Recall that the Fisher Information Matrix is the expected outer product of the gradients:
\[\mathbf{F} = \mathbb{E}[\nabla \log p(x\mid\theta) \nabla \log p(x\mid\theta)^\top]\]If we approximate this expectation with an exponential moving average of squared gradients (as done in RMSProp and Adam), and further constrain $\mathbf{F}$ to be a diagonal matrix, we get:
\[\mathbf{F}_{\text{diag}} \approx \text{diag}(\mathbb{E}[(\nabla_\theta \mathcal{L})^2])\]The natural gradient update with this diagonal approximation would be:
\[\Delta \theta \propto -\mathbf{F}_{\text{diag}}^{-1} \nabla_\theta \mathcal{L} = -\frac{\nabla_\theta \mathcal{L}}{\mathbb{E}[(\nabla_\theta \mathcal{L})^2]}\]However, Adam uses the square root of this diagonal approximation in the denominator:
\[\theta_{t+1} = \theta_t - \frac{\eta}{\sqrt{v_t} + \epsilon} m_t\]where $v_t$ is the exponential moving average of squared gradients (approximating $\text{diag}(\mathbf{F})$) and $m_t$ is the momentum.

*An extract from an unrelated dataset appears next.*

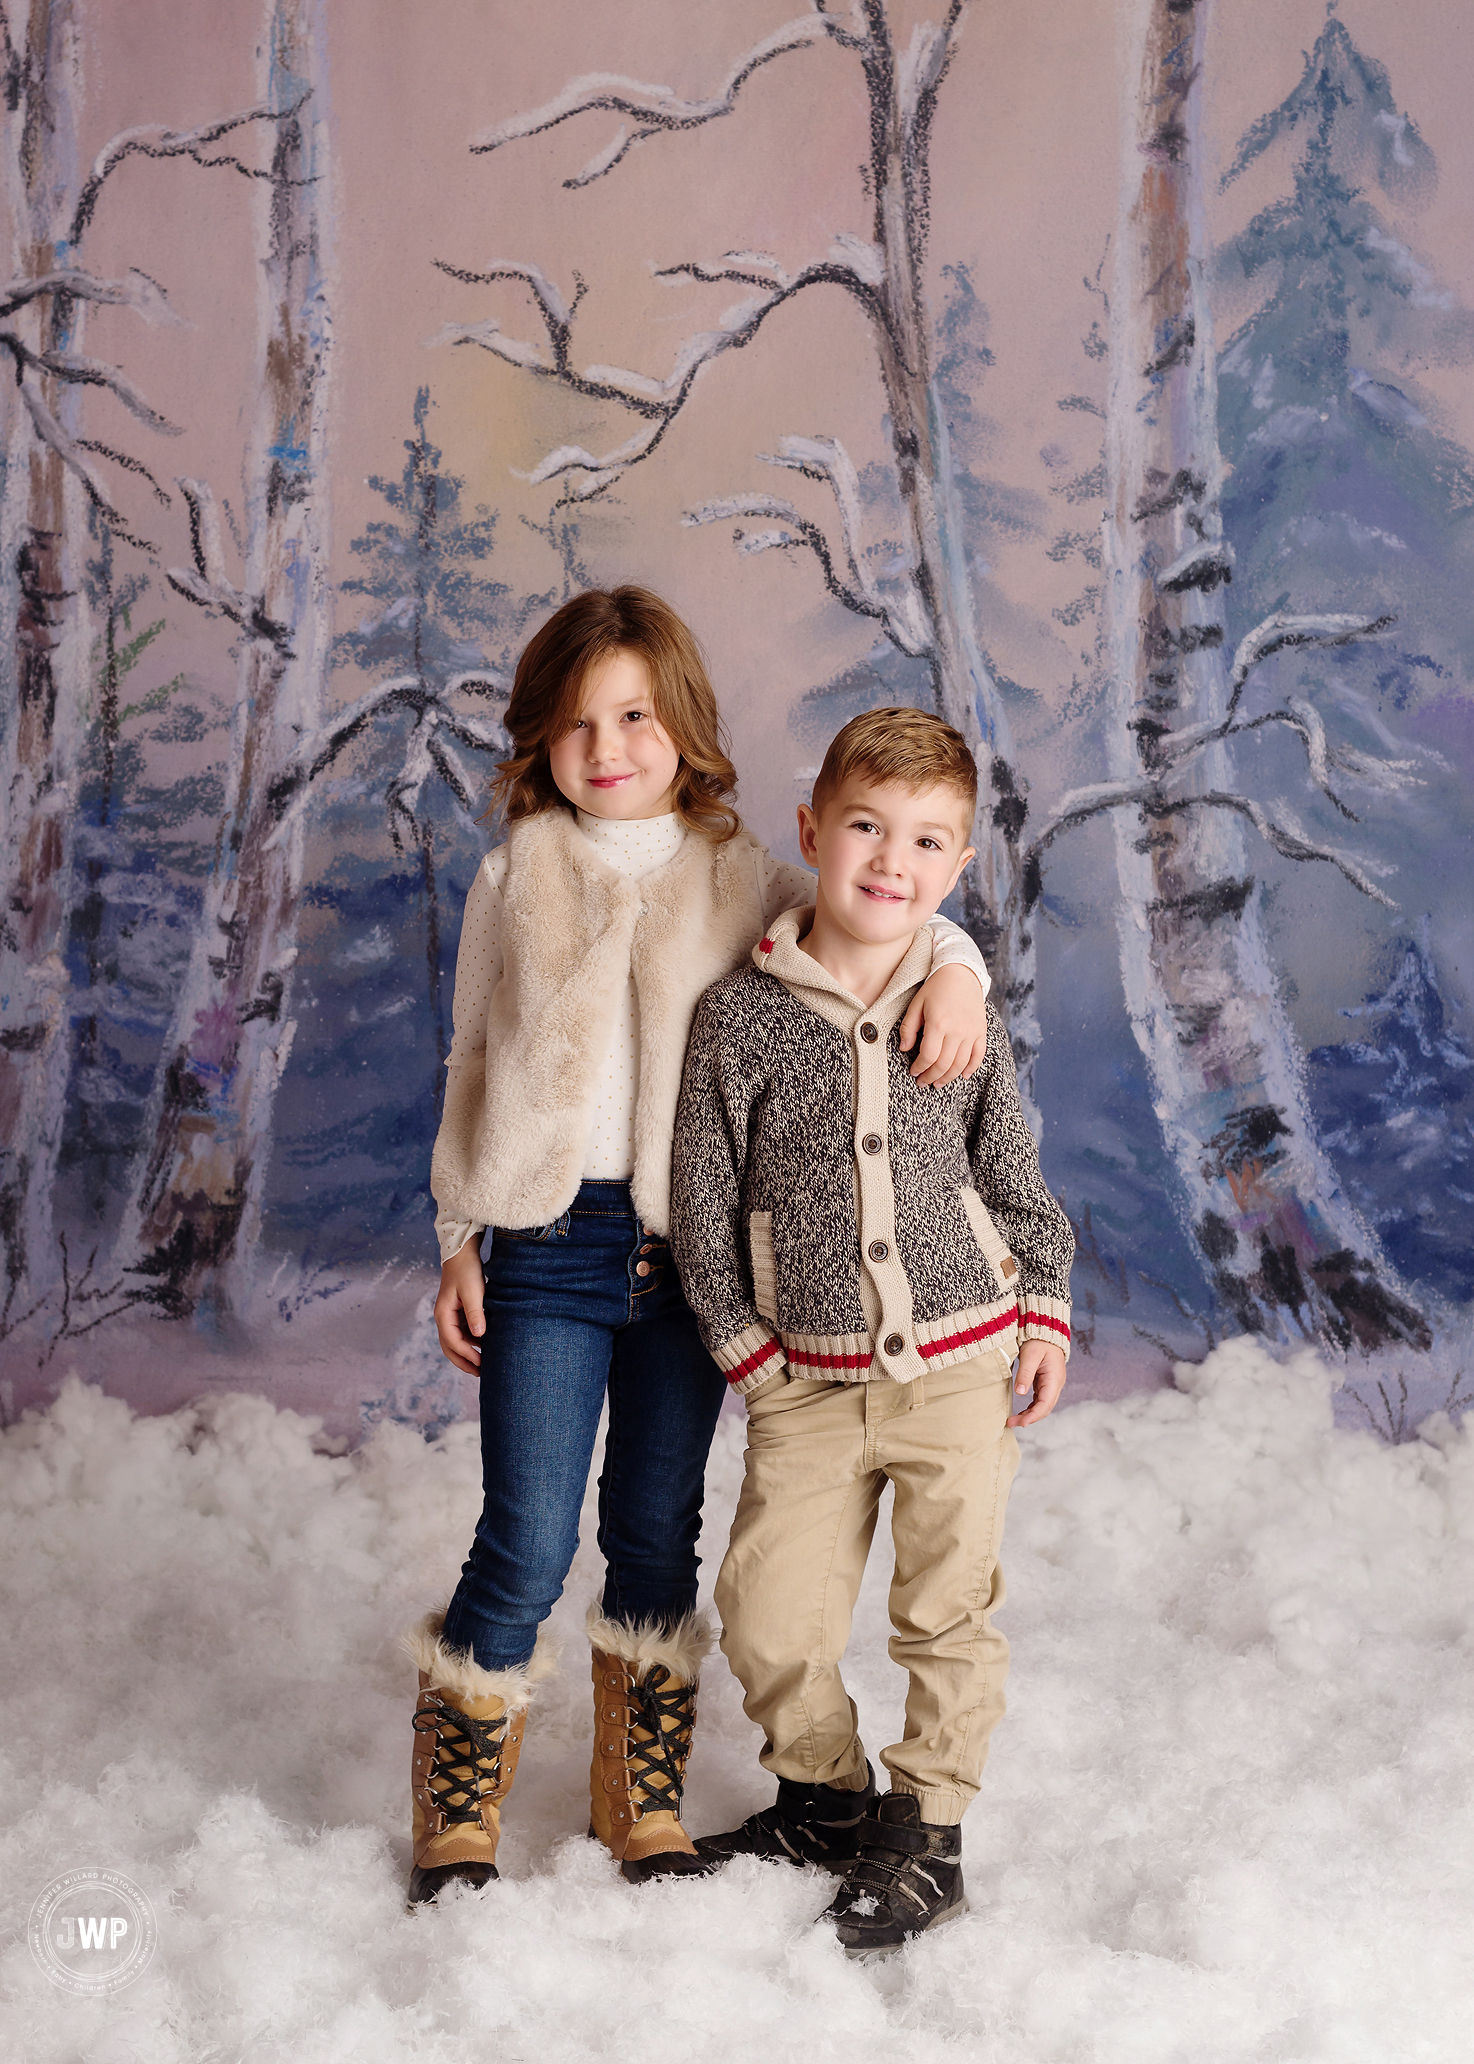 brother sister Holiday Winter scene snow Kingston mini session photographer

Thus, Adam can be viewed as a “softened” diagonal Natural Gradient method. By using the square root, Adam scales updates based on the magnitude (standard deviation) of the gradients rather than the variance, which provides better numerical stability and scaling properties in practice.
References
- Amari, S. (1998). Natural Gradient Works Efficiently in Learning. Neural Computation.